What this task involves — Look below for the line with "Octagonal box with" and the line with "Panasonic KX-TDA30 installation". Copy exactly those two lines and every line between, but not the pictures.

Available records: Begin

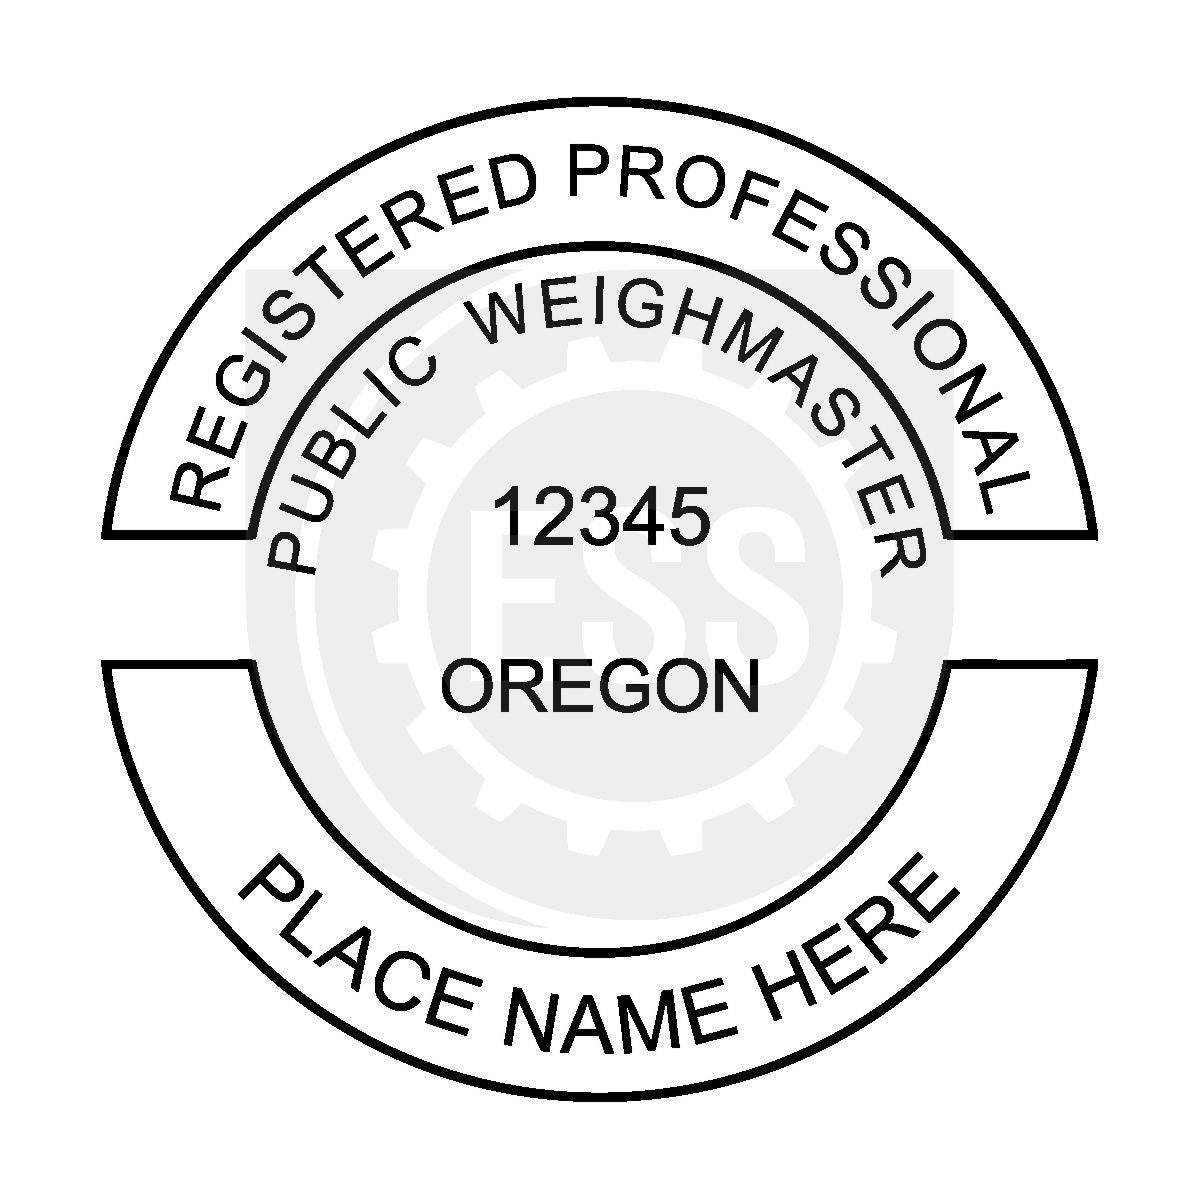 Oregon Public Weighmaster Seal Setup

Available records: End
Available records: Begin

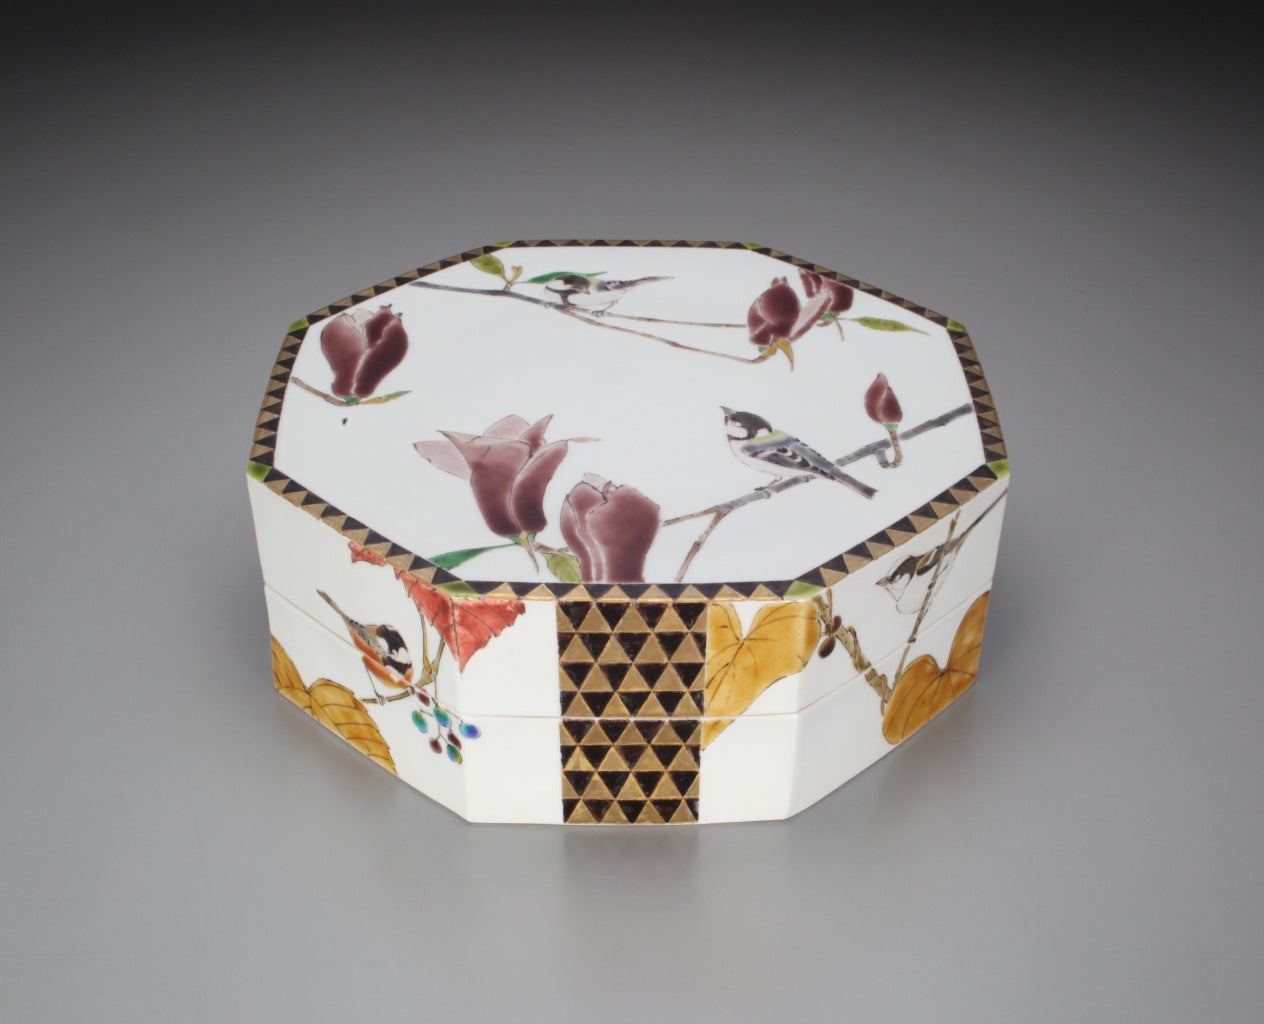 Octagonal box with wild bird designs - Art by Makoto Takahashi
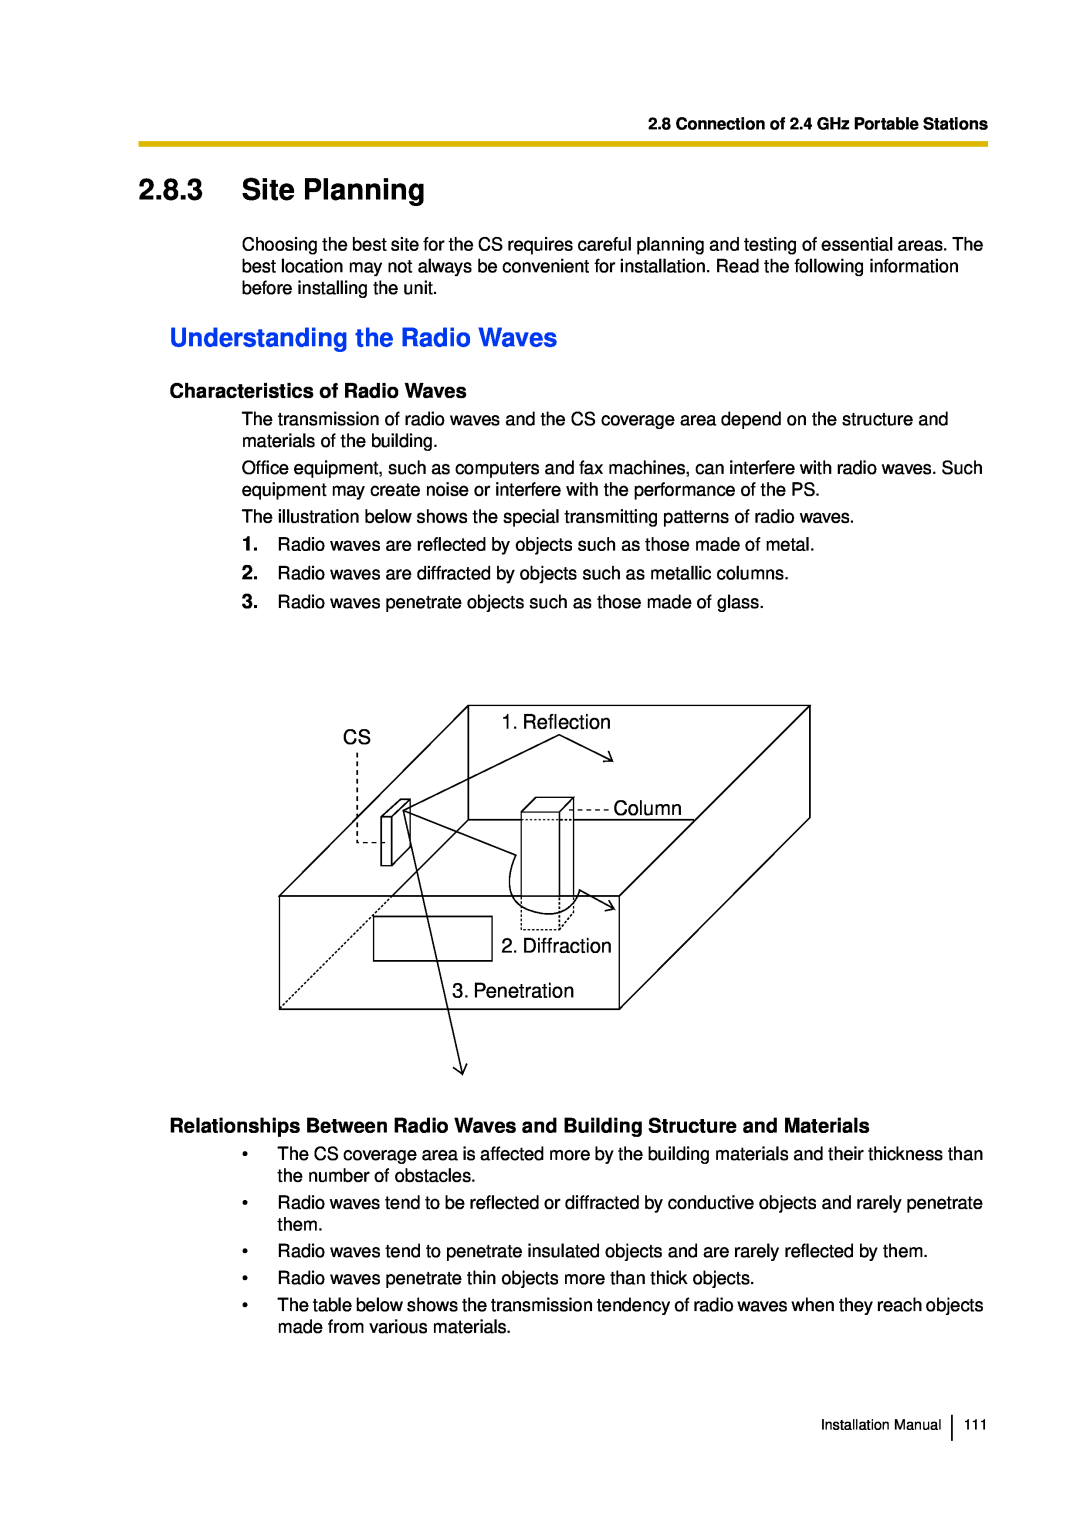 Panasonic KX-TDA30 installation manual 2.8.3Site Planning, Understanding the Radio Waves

Available records: End

Exercise response —
 Octagonal box with wild bird designs - Art by Makoto Takahashi
 Panasonic KX-TDA30 installation manual 2.8.3Site Planning, Understanding the Radio Waves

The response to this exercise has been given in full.